'Coisa descarada': Moraes e staff pularam a cerca deliberadamente
As primeiras revelações extraídas dos 6 gigabytes de mensagens e áudios obtidos pela Folha são eloquentes. Consolidam a percepção de que Alexandre de Moraes ultrapassaou o alambrado que separa o institucional do anormal. Usou o aparato do TSE como usina de relatórios para fundamentar decisões que tomou no STF como relator-geral das encrencas bolsonaristas.
As anormalidades foram produzidas de duas formas. Numa primeira fase, imaginando-se invulnerável, Moraes passou por cima da cerca. "Use sua criatividade", disse Airton Vieira, juiz auxiliar do seu gabinete no Supremo, ao repassar encomendas do chefe para o TSE. "Vou dar um jeito", respondeu Eduardo Tagliaferro, chefe da repartição que guerreava na Corte eleitoral contra a desinformação.
"Veja se o ministro vai gostar", anotou Tagliaferro ao contrabandear do TSE para o Supremo dados encomendados por Moraes. "Gostou e está disparando ordens", celebrou Veira, o juiz de estimação do gabinete do minisitro. O vaivém de mensagens faz de Moraes magistrado três em um. Ele mesmo escolhe alvos, ele mesmo conduz a investigação, ele mesmo julga.
Num segundo momento, como que acometidos da síndrome do que estava por vir, Moraes e seu staff decidiram passar por baixo da cerca. O tráfico de relatórios ganhou aparência formal. Vieira, o juiz auxiliar do Supremo, justificou a mudança para Tagliaferro, do TSE: "Ninguém vai poder questionar nada, falar de onde surgiu isso?, caiu do céu?, a pedido de quem?, etc...".
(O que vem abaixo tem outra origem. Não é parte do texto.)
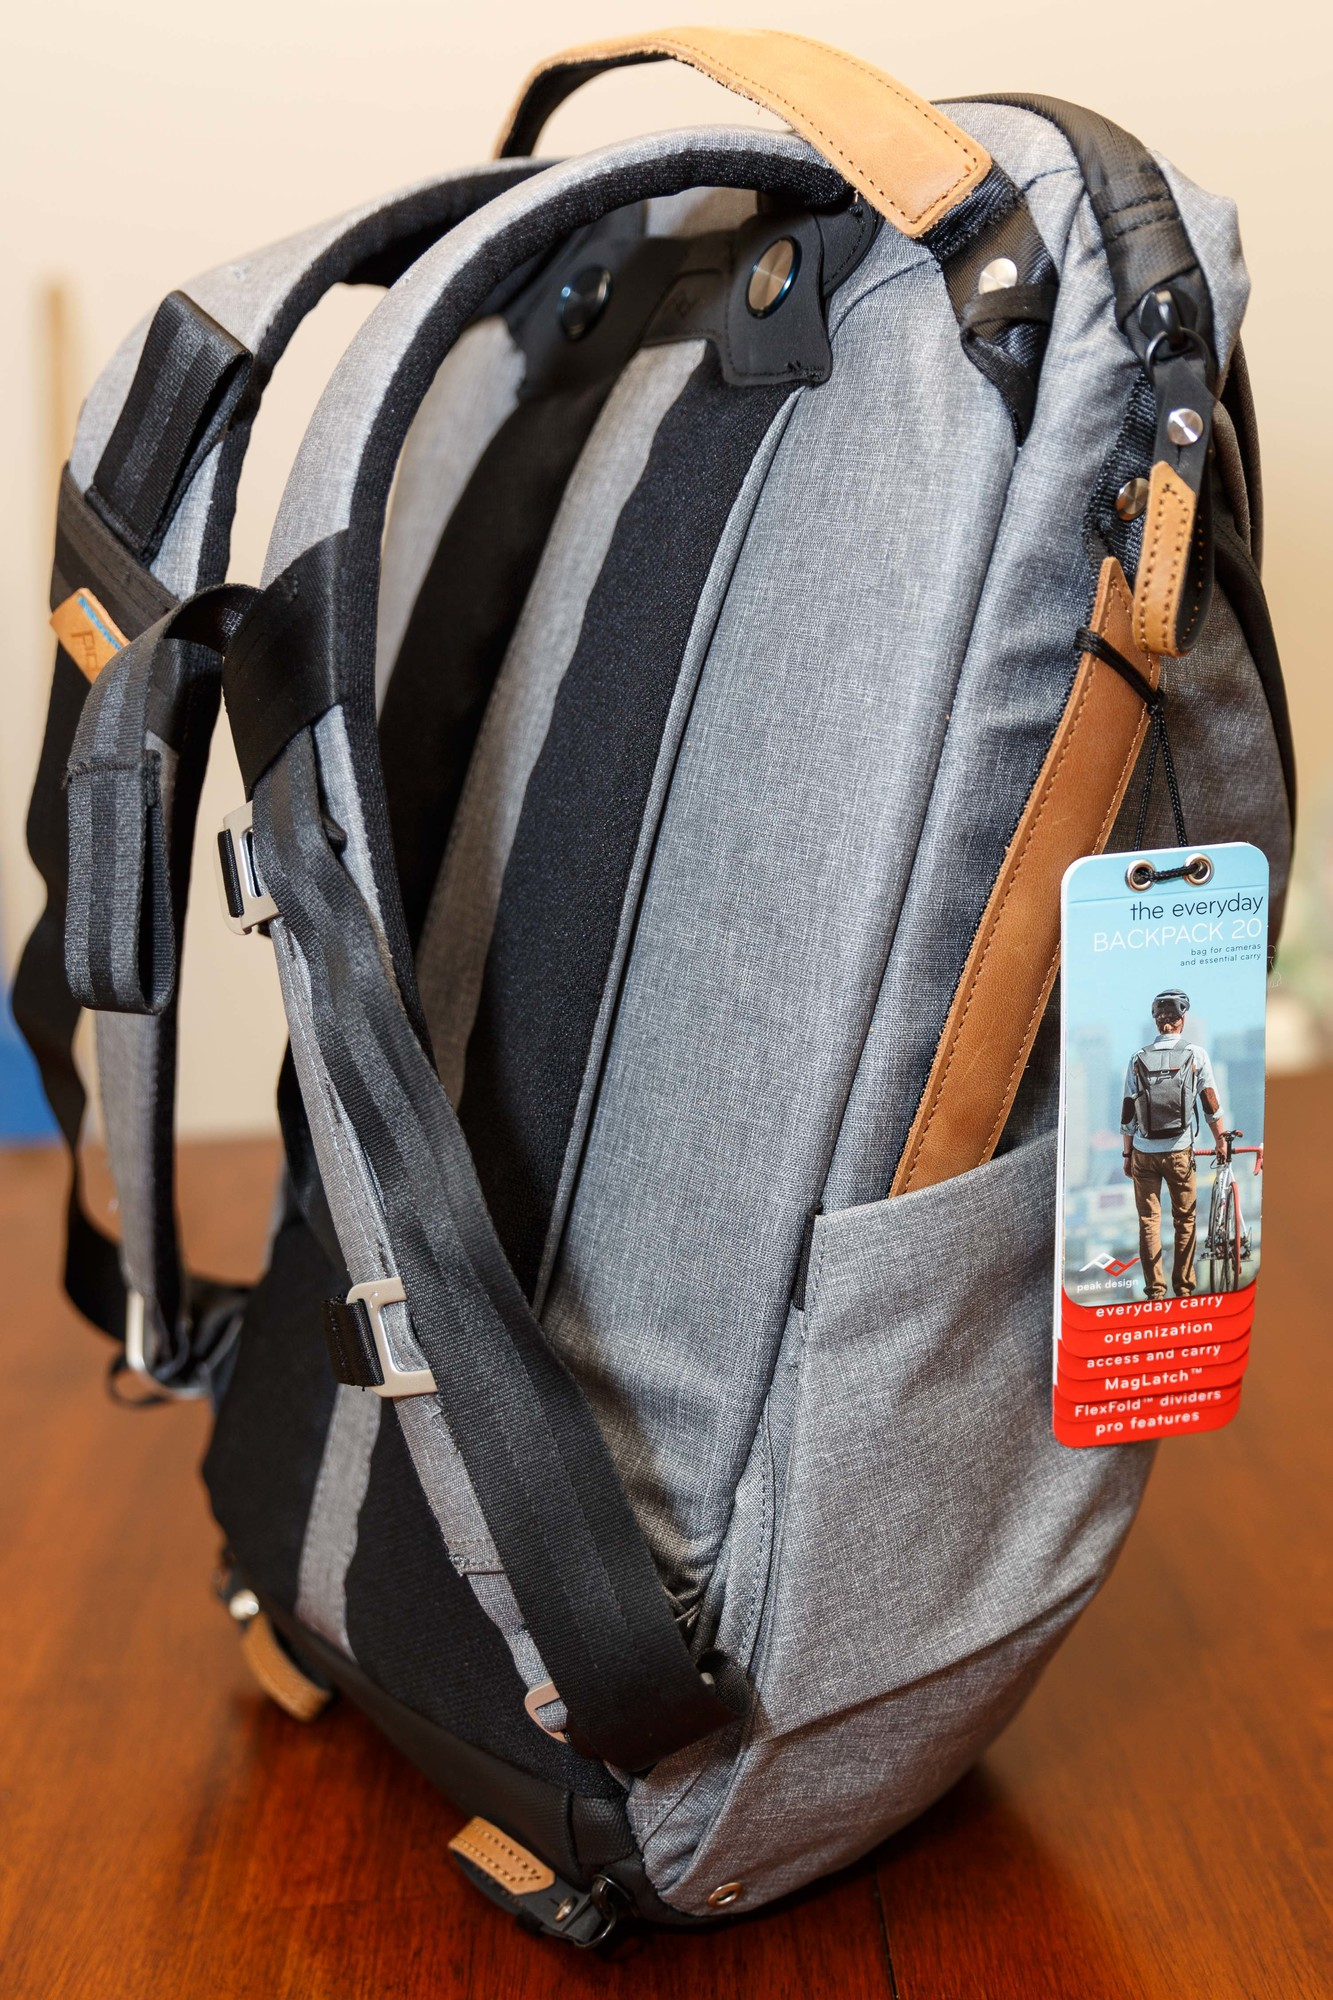 Jual Murah Peak Design Everyday Backpack 20l Ash Termurah 2018 Tas Kamera Messenger Charcoal With Field Pouch Abu Sold Slide Jan 19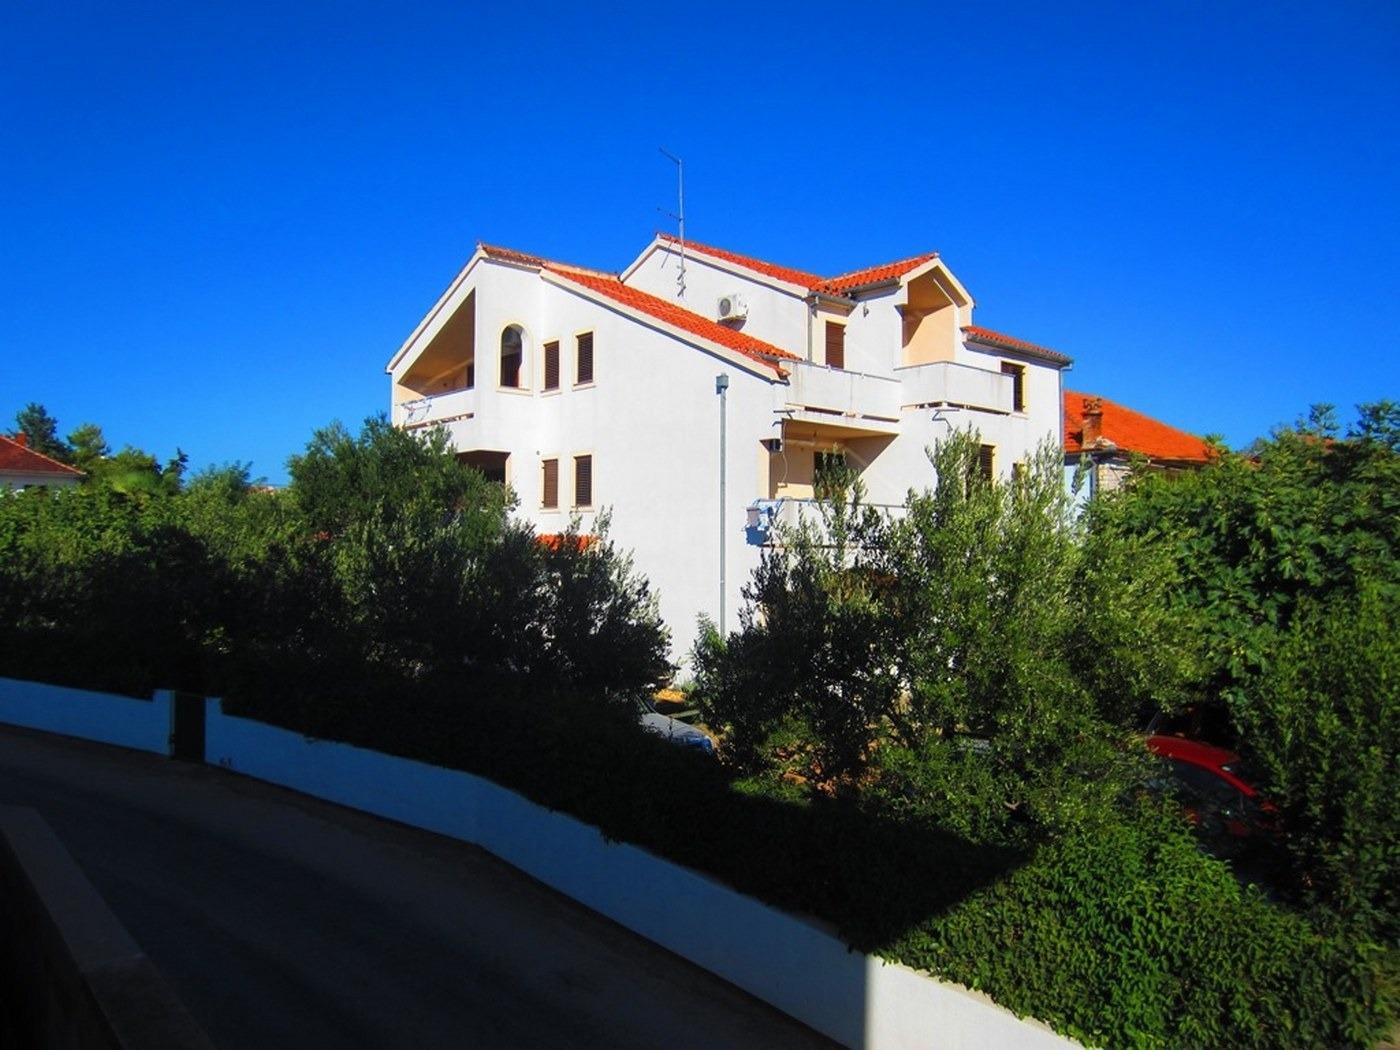 Ferienwohnung Ivan A2(4+1) - Turanj (918634), Turanj, , Dalmatien, Kroatien, Bild 1

A certa altura, o juiz Vieira foi didático: "Como um juiz instrutor do Supremo manda pra alguém lotado no TSE, esse alguém sem mais nem menos obedece e manda um relatório, entendeu? Ficaria chato." Queria evitar "dor de cabeça" para Moraes. Soou premonitório: "Se alguém for questionar, vai ficar uma coisa muito descarada."
Passando por cima ou por baixo da cerca, a parceria de Moraes com seus operadores produziu um constrangimento muito parecido com o que Gilmar Mendes descreveu ao resumir a promiscuidade das relações de Sergio Moro com Deltan Dallagnol na Lava Jato: "Roubaram galinha juntos". Fizeram isso deliberadamente.